Abstract
One-carbon metabolism pathway plays an important role in carcinogenesis through its involvement in DNA methylation and biosynthesis. Epidemiologic studies have indicated the associations between genetic polymorphisms in this pathway and the susceptibility of various cancers, including bladder cancer. However, few studies have focused on their associations with bladder cancer prognosis. Using follow-up data from 249 bladder cancer patients who have been treated at the Memorial Sloan-Kettering Cancer Center from 1993 to 1997, we investigated the associations between survival time of bladder cancer patients and single nucleotide polymorphisms (SNPs) involved in the one-carbon metabolism pathway.

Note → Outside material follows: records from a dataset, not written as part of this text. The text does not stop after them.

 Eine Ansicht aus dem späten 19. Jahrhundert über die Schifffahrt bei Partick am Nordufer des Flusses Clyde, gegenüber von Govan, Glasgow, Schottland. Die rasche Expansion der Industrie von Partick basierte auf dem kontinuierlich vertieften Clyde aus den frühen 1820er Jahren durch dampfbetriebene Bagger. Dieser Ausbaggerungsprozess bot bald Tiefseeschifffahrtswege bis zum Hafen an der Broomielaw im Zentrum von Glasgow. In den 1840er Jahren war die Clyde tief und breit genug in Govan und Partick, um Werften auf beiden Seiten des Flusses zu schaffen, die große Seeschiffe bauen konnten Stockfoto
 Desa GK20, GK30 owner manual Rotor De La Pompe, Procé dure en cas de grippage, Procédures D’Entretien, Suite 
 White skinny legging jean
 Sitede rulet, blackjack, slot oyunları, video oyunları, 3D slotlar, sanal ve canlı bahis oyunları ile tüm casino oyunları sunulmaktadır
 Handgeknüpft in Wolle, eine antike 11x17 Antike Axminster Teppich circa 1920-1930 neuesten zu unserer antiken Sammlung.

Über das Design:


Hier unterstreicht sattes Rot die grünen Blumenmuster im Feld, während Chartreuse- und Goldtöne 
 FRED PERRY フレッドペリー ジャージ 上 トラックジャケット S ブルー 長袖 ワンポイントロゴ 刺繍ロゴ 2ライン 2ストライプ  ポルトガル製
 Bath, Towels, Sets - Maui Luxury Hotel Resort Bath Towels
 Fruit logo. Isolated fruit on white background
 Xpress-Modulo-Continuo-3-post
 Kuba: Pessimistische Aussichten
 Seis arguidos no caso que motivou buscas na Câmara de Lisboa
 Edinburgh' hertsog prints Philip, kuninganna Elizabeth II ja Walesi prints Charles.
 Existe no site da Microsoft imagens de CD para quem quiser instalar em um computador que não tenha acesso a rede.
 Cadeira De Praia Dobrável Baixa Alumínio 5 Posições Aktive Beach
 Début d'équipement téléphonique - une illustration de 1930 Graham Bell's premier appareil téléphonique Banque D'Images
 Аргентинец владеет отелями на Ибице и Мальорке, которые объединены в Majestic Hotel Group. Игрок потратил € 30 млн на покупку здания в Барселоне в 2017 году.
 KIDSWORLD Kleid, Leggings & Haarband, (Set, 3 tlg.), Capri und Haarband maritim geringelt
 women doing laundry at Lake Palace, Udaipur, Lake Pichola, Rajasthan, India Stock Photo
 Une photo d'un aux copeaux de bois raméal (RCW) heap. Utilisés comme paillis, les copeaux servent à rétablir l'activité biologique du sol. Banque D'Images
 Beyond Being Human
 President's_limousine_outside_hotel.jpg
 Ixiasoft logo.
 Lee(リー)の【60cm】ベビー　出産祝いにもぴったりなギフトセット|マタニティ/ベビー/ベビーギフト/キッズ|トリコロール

Epidemiologic data were collected by trained interviewers. Genotyping of seven SNPs in methylenetetrahydrofolate reductase (MTHFR), methionine synthase (MTR), methionine synthase reductase (MTRR), DNA methyltransferase 1 (DNMT1), and aldehyde dehydrogenase 2 (ALDH2) genes was performed using SNPlex and Taqman assays (Applied Biosystems) with DNA isolated from blood samples collected at time-of-interview. Survival curves were estimated using the Kaplan-Meier method, and differences in distributions were evaluated by log-rank tests and Cox proportional hazards models. Overall, no obvious associations were observed between the studied SNPs and all-cause mortality among bladder cancer patients after adjustment on age, gender, race/ethnicity, smoking status, and tumor stage. However, after stratification on smoking status, increased survival time was found among ever-smoked carriers of MTRR rs1532268 and rs1801394 variant allele, with adjusted HRs of 0.65 (95% CI = 0.45–0.95) and 0.65 (95% CI = 0.43–0.98), respectively. Increased survival time was also observed among never smokers with ALDH2 rs2238151 C/T or T/T genotypes, compared to those with the C/C genotype (HR = 0.23, 95% CI = 0.06–0.90). Our findings suggest that smoking may interact with one-carbon metabolism pathway related genetic polymorphisms on survival among bladder cancer patients. Future studies with larger sample sizes are needed to confirm the associations.
This abstract is one of the 14 highest scoring abstracts of those submitted for presentation at the 35th Annual Meeting of the American Society of Preventive Oncology, held March 5–8, 2011 in Las Vegas, NV.